In ways possible

In the middle of my year at VCA back in 2010, in my youth/self-doubt/feeling like a fraud-questioning my training, my practice and the lack of – and all the things that whirl about in your brains and body as a post-grad, I asked the wonderful Leisa Shelton, “is concept form?” She answered, “Do not give it any more weight than it should carry. It’s as simple as asking yourself ‘where do you want to live?’ or ‘what kind of relationship do you want to have?’”

And here I am – it’s August 2018, eleven weeks since the break up, writing this in candle light in the home I am creating for myself. Nestled in a quiet corner but close to the main streets, with easy access to multiple modes of public transport, bike paths and nature in a suburb I have come to love in the eight and more years living in Australia – I am in a cosy two-bedroom apartment. I know it will be financially tight, but I’ve taken the plunge with this lease – to carve my space in this world. I need to do this. And in my own way, I will manage this.

Quite aptly so, here I am, also embarking on a very ambitious time ahead. I have been commissioned to make a work in Adelaide that will open in December. I am beginning the plotting of a new work with Ling back on the helm with me, and with a new collaborator – it’s a work that would potentially find a life in Singapore which would mean a lot to me to bring something home. And I continue to plot my research questions in my leadership adventures, and find shape in being a stronger facilitator and advocate through my work at Theatre Network Australia.

Dan and I have also continued our weekly practice and I am very thrilled to announce that we have been shortlisted in this next stage of a Creative State Commissions, for a massive project idea that we both dreamed up! (p.s. it is only August!)

Some mornings, I am full of joy at our awesome idea and feel mighty proud of how far we both have come. (And to have finished this application two weeks after the end of my marriage!) Some mornings, I feel so mightily humbled to be in a list amongst other amazing artists I count as my seniors who I look up to! Some mornings, I am simply overwhelmed by the reality of what this next number of weeks is going to look like, and the work it is going to take.

But in every way, I am certain of how my practice has already, and will continue to be challenged and changed.
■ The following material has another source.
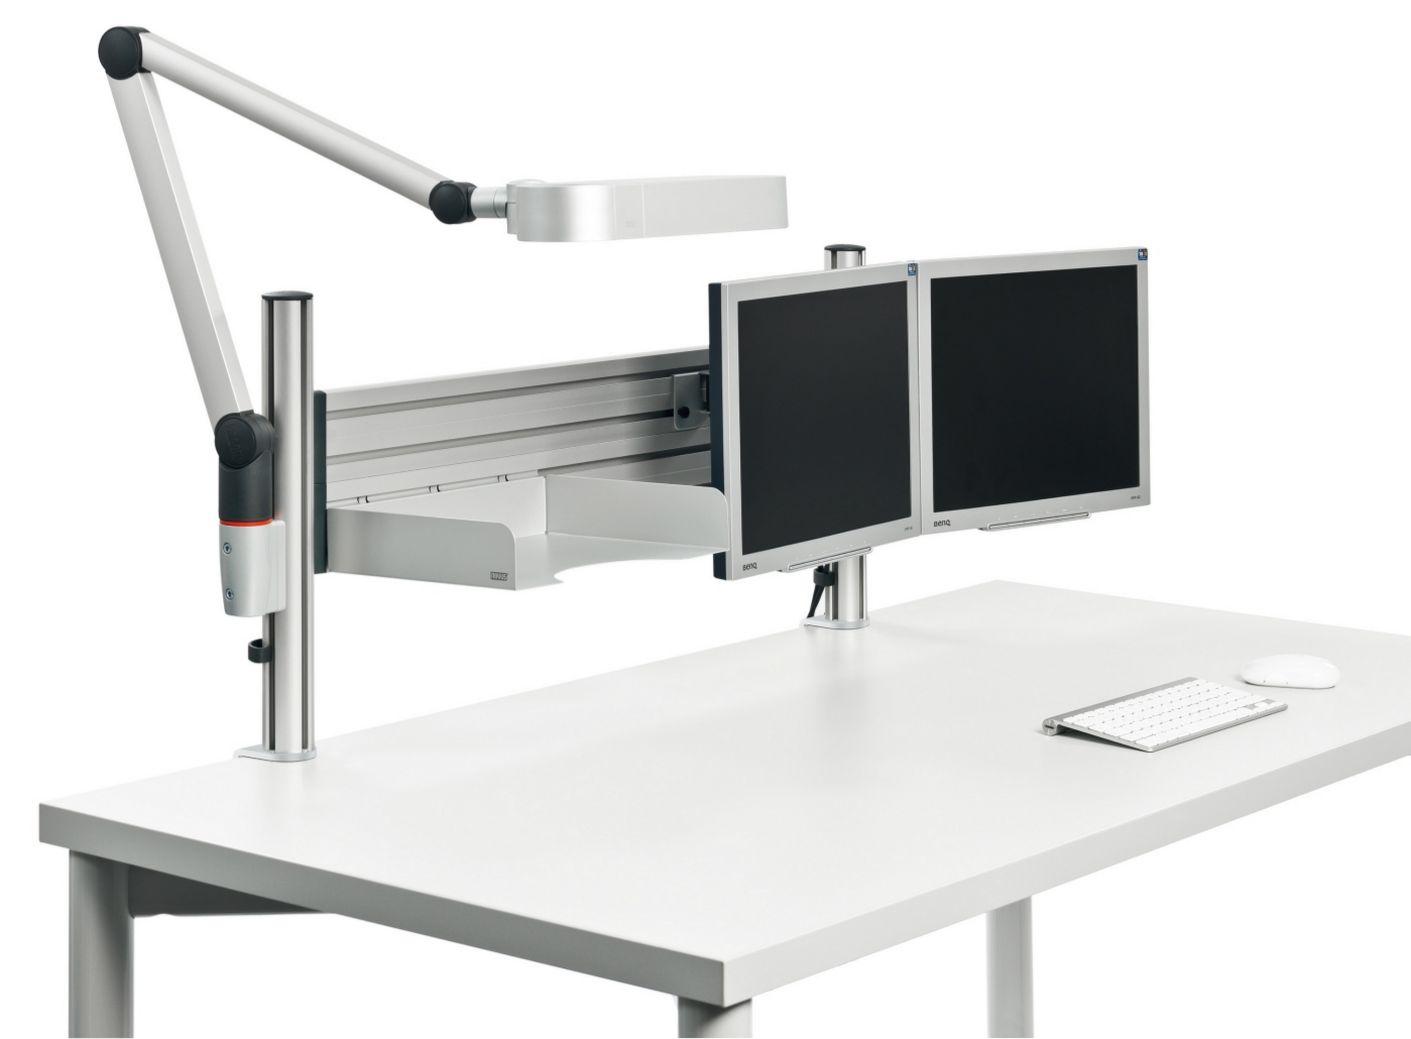 Tischhalterung 2 Monitore, Schreibtischlampe und Ablagefach

In every way possible, my world as I know it has already, and will continue to be challenged and changed.

Regardless of the triggers and reasons for a break up, the reality is that someone has decided that the payoff is no longer worth doing the work for. And when you weren’t the one that chose this outcome, it is very easy to equate that with “you are not worth doing the work for.”

And for reasons both known and unknown, both pervasively present and ever-changing in what was my relationship with Ben, the reality is that I hadn’t felt seen for a long time now – far longer than I had realised.

Seen – for all my beauty, my sorrow, my dreams, and my longings. My ambition, my roots, my present, and my future.

But perspective is multi-dimensional. And the blueprints in which form our worldview – sometimes only limits what we see. And if you are unable to rewrite those blueprints, then it would simply confirm what only you can see.

These days, I don’t feel like a fraud and can confidently articulate my practice – I create participatory live art experiences that are about rewriting our blueprints – in our memories through the autobiographical story, in our rituals through the making and sharing of food, in our perspective of time, place and space in the site-responsive encounters…

Perhaps my first ever review for a solo work came in the form of a text message from Ben this time eight years ago before I even knew him at all. He was an audience participant in the photobooth work, and the text message read – “thank you for the wonderful experience, I’ve been looking at the world differently ever since.”

Did I imagine my world would look like this right now those eleven weeks ago? Not at all.

And yet none of these is accidental.

Rigour. Questions. Refining. Expanding. Distilling. Questions again, and again. Rinse and repeat. I’ve entered doors that I’ve worked to get opened for me. And most importantly – I believe I’ve been generous with my time and my friendship, held the doors open, to enable others to come alongside with me, as I have accepted many other a generosity from my elders, peers and community.

But to come along for the ride – one must be able to see each others’ vision, and trust in it; to see my vision and trust in it, as I do yours.

So that by our friendship, in any way possible, allow our practice, and our world, be challenged and changed.

And for our blueprints be shaped so that we may always look for another way to look at this world we live in.

And for now, this is where I know I want to live.